I have tried numerous approaches to turn the following:
Gender, Age, Value
1, 20, 21
2, 23 22
1, 26, 23
2, 29, 24
into
Male_Age, Male_Value, Female_Age, Female_Value
20 21 23 22
26 23 29 24
What i need to do is group by gender and instead of using an aggregate like (sum, count, avg) I need to create List[age] and List[value]. This should be possible because i am using a Dataset which allows functional operations.
If the number of rows for males and females are not the same, the columns should be filled with nulls.
One approach I tried was to make a new a new dataframe using the columns of other dataframes like so:
df .select(male.select("sex").where('sex === 1).col("sex"),
female.select("sex").where('sex === 2).col("sex"))

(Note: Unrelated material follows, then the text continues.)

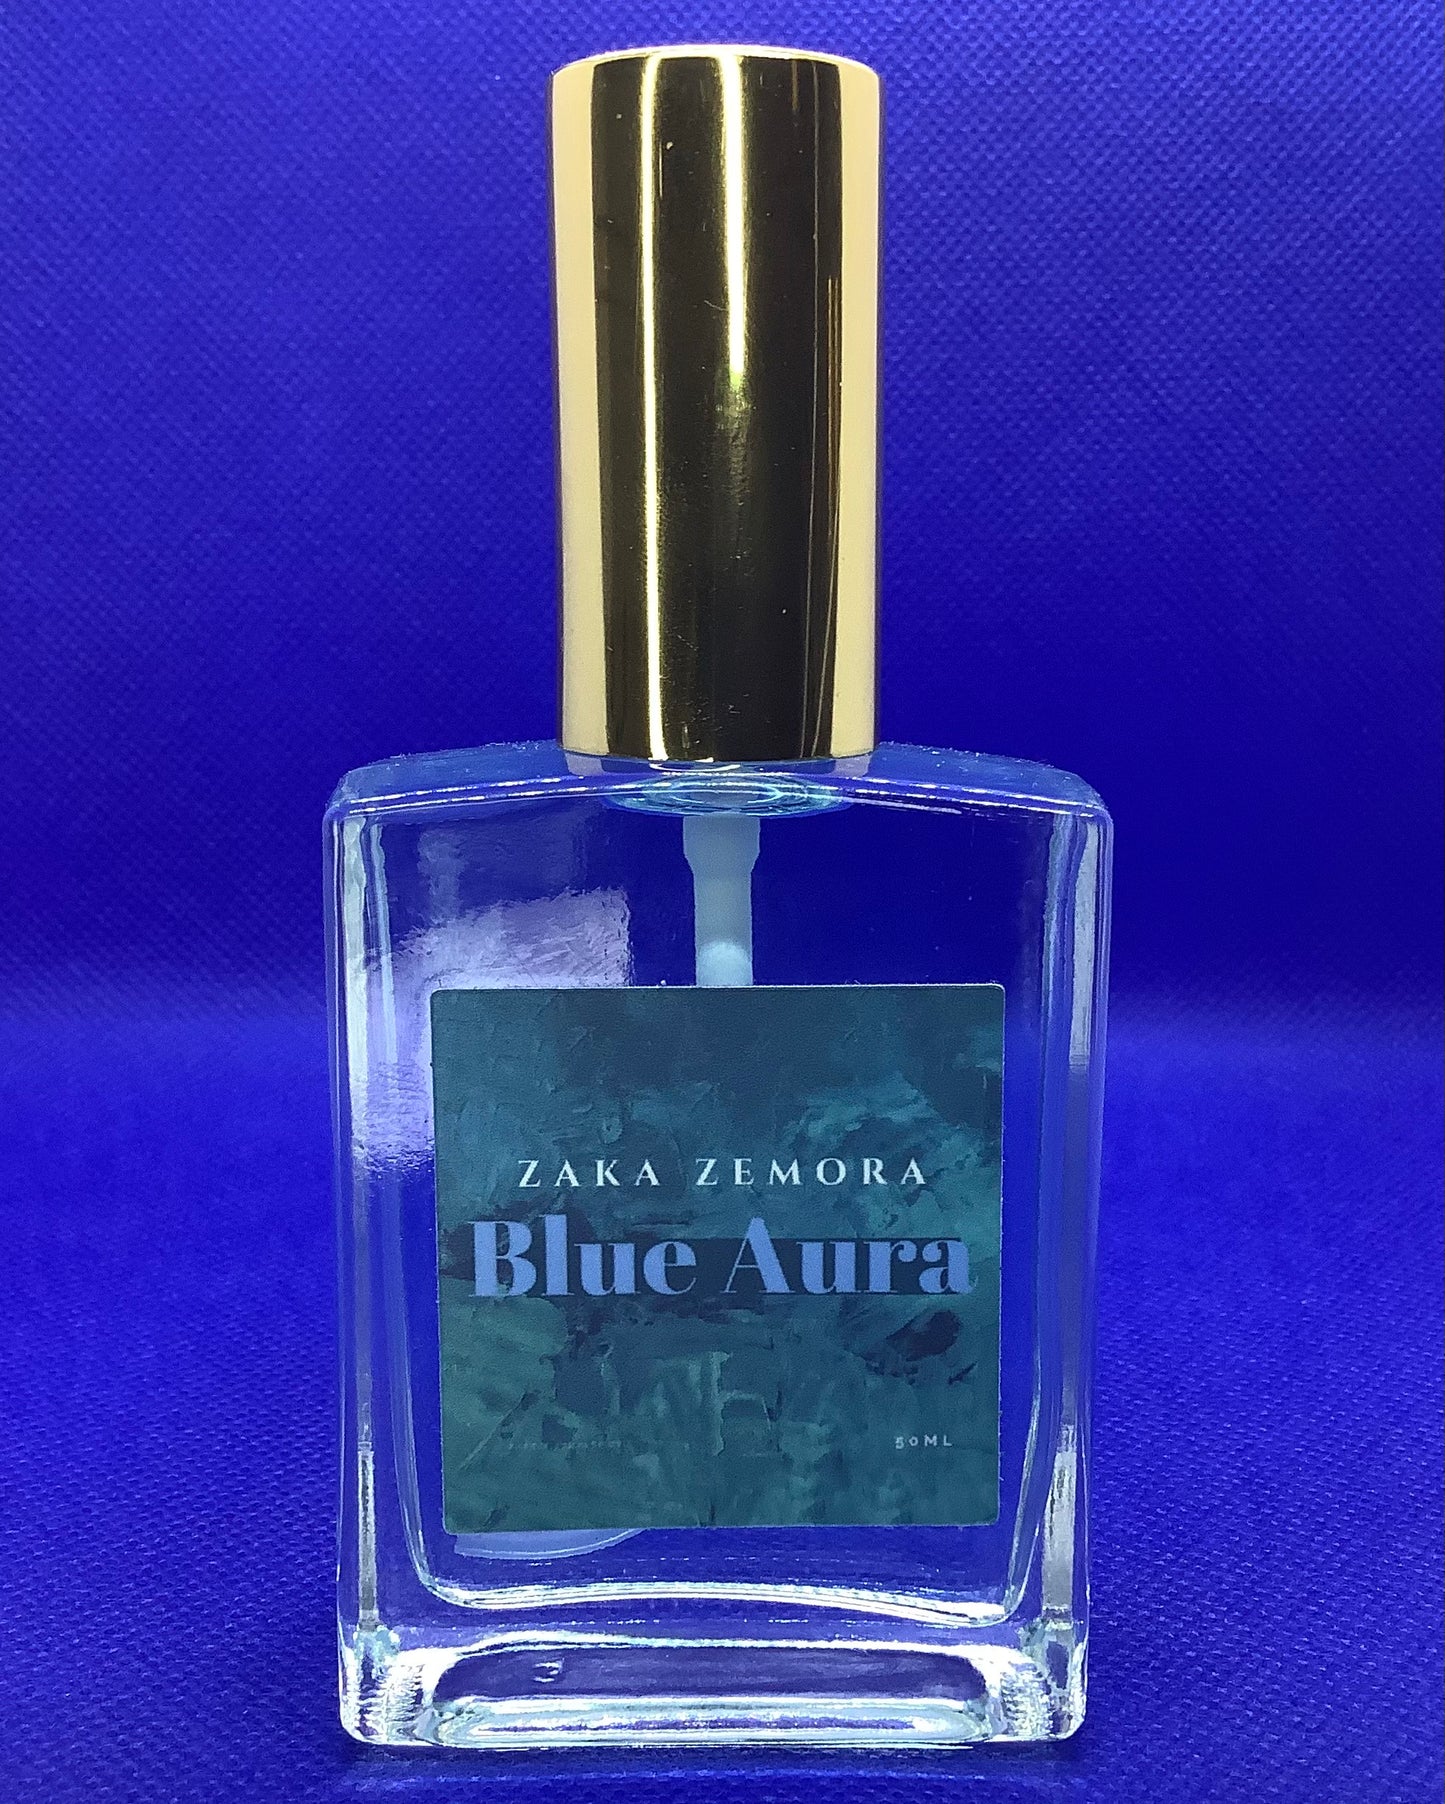 BLUE AURA 50mL Perfume

However, this bizarrely produces output like so:
sex, sex, 1, 1 2, 2 1, 1 2, 2
I can't see how that is possible.
I also tried using pivot, but it forces me to aggregate after the group by:
df.withColumn("sex2", df.col("sex"))
.groupBy("sex")
.pivot("sex2") .agg( sum('value').as("mean"),
stddev('value).as("std. dev") ) .show()
|sex| 1.0_mean| 1.0_std. dev| 2.0_mean| 2.0_std. dev|
|1.0|0.4926065526| 1.8110632697| | |
|2.0| | |0.951250372|1.75060275400785|
The following code does what I need in Oracle SQL, so it should possible in Spark SQL too I reckon...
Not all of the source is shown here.